— Мы об вас вспоминали у председателя палаты, у Ивана Григорьевича, — сказал наконец Чичиков, видя, что никто не располагается начинать разговора, — в прошедший четверг. Очень приятно провели там время.
— Да, я не был тогда у председателя, — отвечал Собакевич.
— А прекрасный человек!
— Кто такой? — сказал Собакевич, глядя на угол печи.
— Председатель.
— Ну, может быть, это вам так показалось: он только что масон, а такой дурак, какого свет не производил.
Чичиков немного озадачился таким отчасти резким определением, но потом, поправившись, продолжал:
— Конечно, всякий человек не без слабостей, но зато губернатор какой превосходный человек!
— Губернатор превосходный человек?
— Да, не правда ли?
— Первый разбойник в мире!
— Как, губернатор разбойник? — сказал Чичиков и совершенно не мог понять, как губернатор мог попасть в разбойники. — Признаюсь, этого я бы никак не подумал, — продолжал он. — Но позвольте, однако же, заметить: поступки его совершенно не такие, напротив, скорее даже мягкости в нем много. — Тут он привел в доказательство даже кошельки, вышитые его собственными руками, и отозвался с похвалою об ласковом выражении лица его.
— И лицо разбойничье! — сказал Собакевич. — Дайте ему только нож да выпустите его на большую дорогу — зарежет, за копейку зарежет! Он да еще вице-губернатор — это Гога и Магога!
«Нет, он с ними не в ладах, — подумал про себя Чичиков. — А вот заговорю я с ним о полицеймейстере: он, кажется, друг его».
— Впрочем, что до меня, — сказал он, — мне, признаюсь, более всех нравится полицеймейстер. Какой-то этакой характер прямой, открытый; в лице видно что-то простосердечное.
— Мошенник! — сказал Собакевич очень хладнокровно, — продаст, обманет, еще и пообедает с вами! Я их знаю всех: это всё мошенники, весь город там такой: мошенник на мошеннике сидит и мошенником погоняет. Все христопродавцы. Один там только и есть порядочный человек: прокурор; да и тот, если сказать правду, свинья.
После таких похвальных, хотя несколько кратких биографий Чичиков увидел, что о других чиновниках нечего упоминать и вспомнил, что Собакевич не любил ни о ком хорошо отзываться.

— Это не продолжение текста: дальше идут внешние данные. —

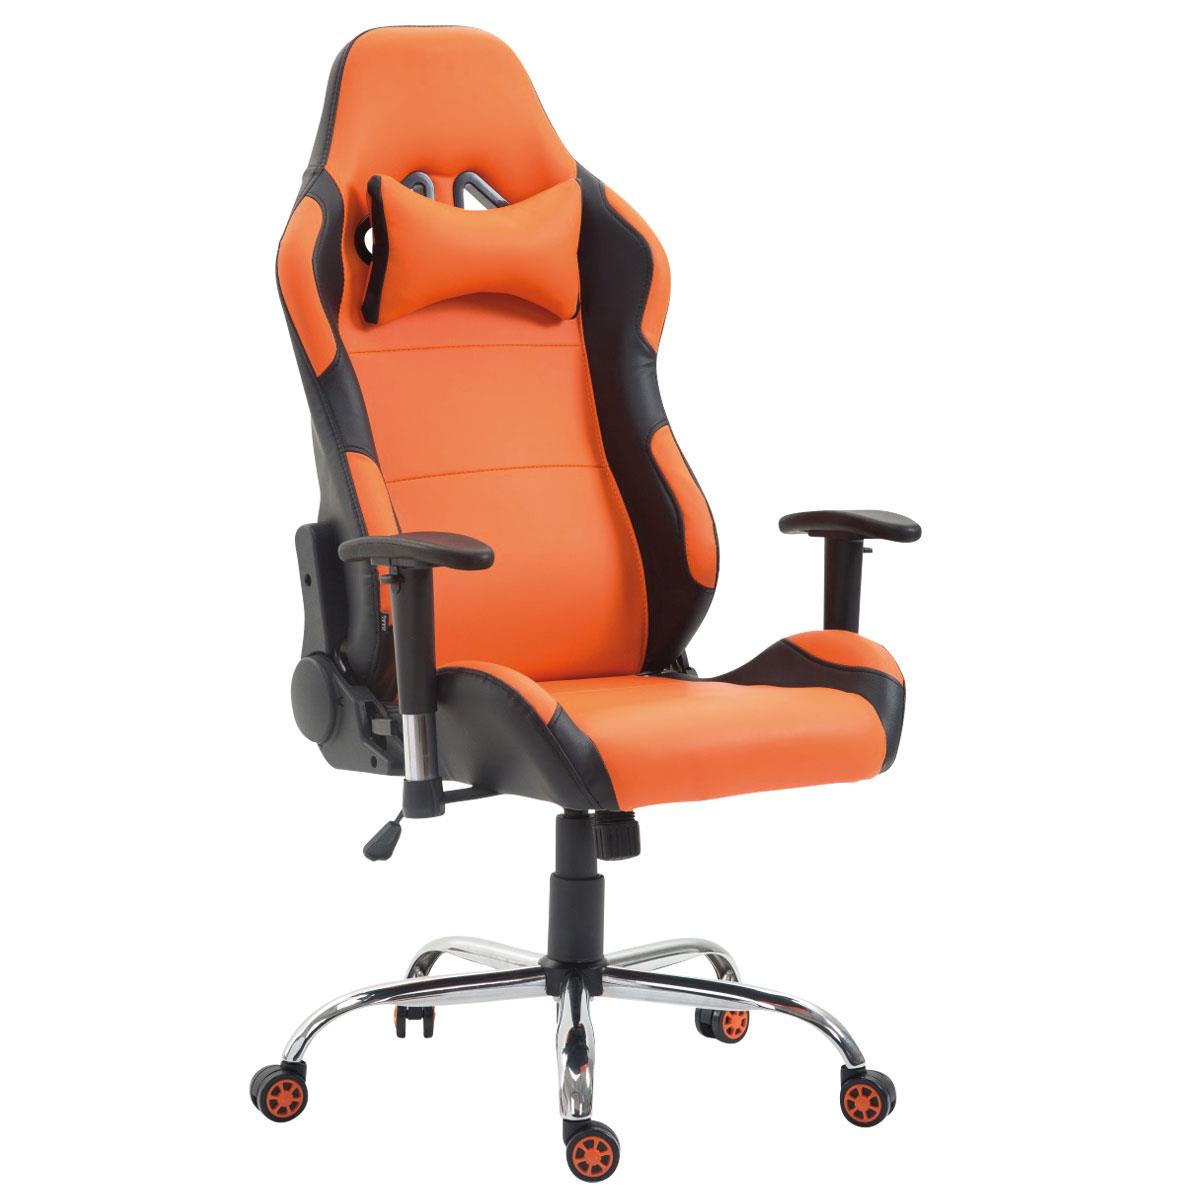 Gaming-Stuhl ROSBY. Sportliches Design und hoher Komfort, Lederbezug, Farbe Orange

— Что ж, душенька, пойдем обедать, — сказала Собакевичу его супруга.
— Прошу! — сказал Собакевич.
Засим, подошевши к столу, где была закуска, гость и хозяин выпили как следует по рюмке водки, закусили, как закусывает вся пространная Россия по городам и деревням, то есть всякими соленостями и иными возбуждающими благодатями, и потекли все в столовую; впереди их, как плавный гусь, понеслась хозяйка. Небольшой стол был накрыт на четыре прибора. На четвертое место явилась очень скоро, трудно сказать утвердительно, кто такая, дама или девица, родственница, домоводка или просто проживающая в доме: что-то без чепца, около тридцати лет, в пестром платке. Есть лица, которые существуют на свете не как предмет, а как посторонние крапинки или пятнышки на предмете. Сидят они на том же месте, одинаково держат голову, их почти готов принять за мебель и думаешь, что отроду еще не выходило слово из таких уст; а где-нибудь в девичьей или в кладовой окажется просто: ого-го!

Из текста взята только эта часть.